▶ **ACTIVITY**:
In the records below, reproduce exactly the lines from the one containing "Window Room Air Conditioner" through the one containing "R-22 Refrigerant Shobbak Saudi Arabia", both included, and omit the pictures.

━━━━━ TASK DATA ━━━━━

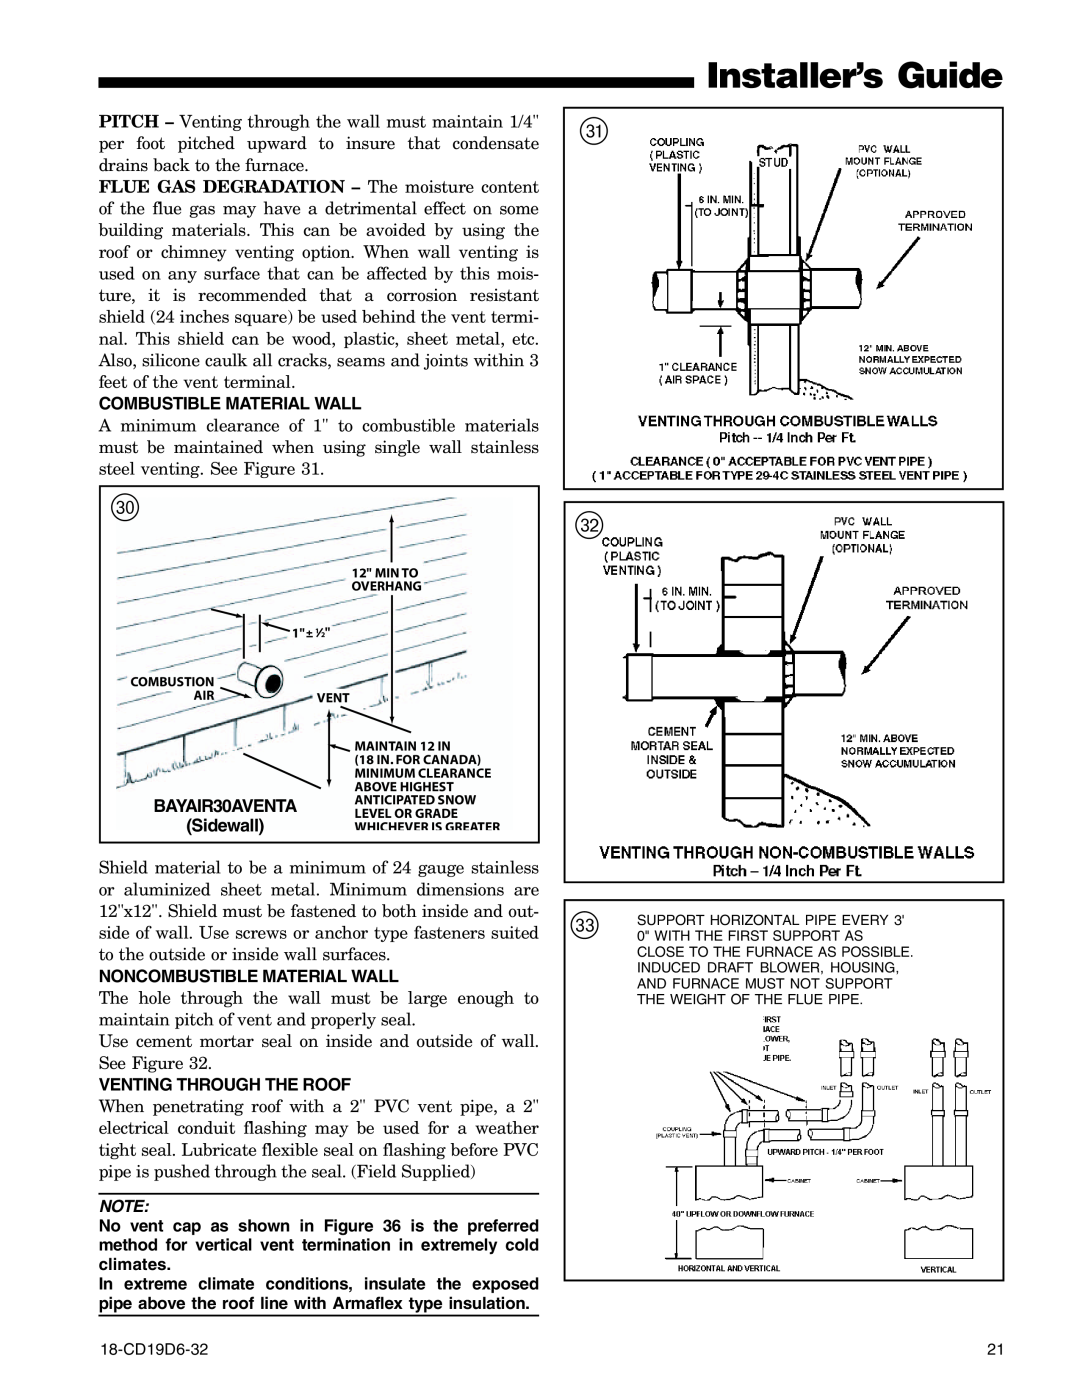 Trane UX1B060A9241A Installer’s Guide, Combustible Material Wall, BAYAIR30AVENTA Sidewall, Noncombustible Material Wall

━━━━━
━━━━━ TASK DATA ━━━━━

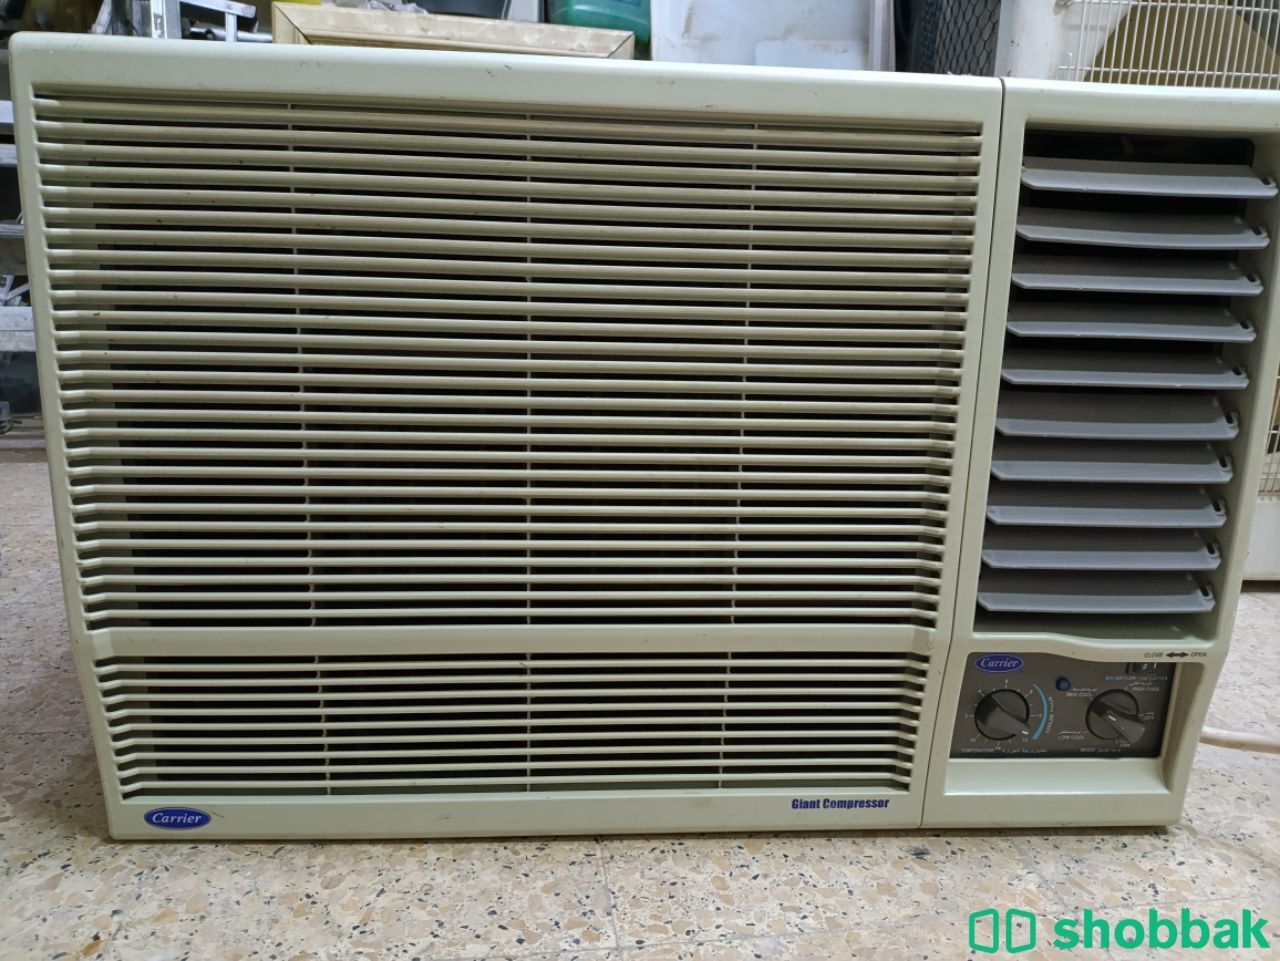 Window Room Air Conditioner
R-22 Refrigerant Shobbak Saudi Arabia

━━━━━

▶ **PROBLEM SOLUTION**:
 Window Room Air Conditioner
R-22 Refrigerant Shobbak Saudi Arabia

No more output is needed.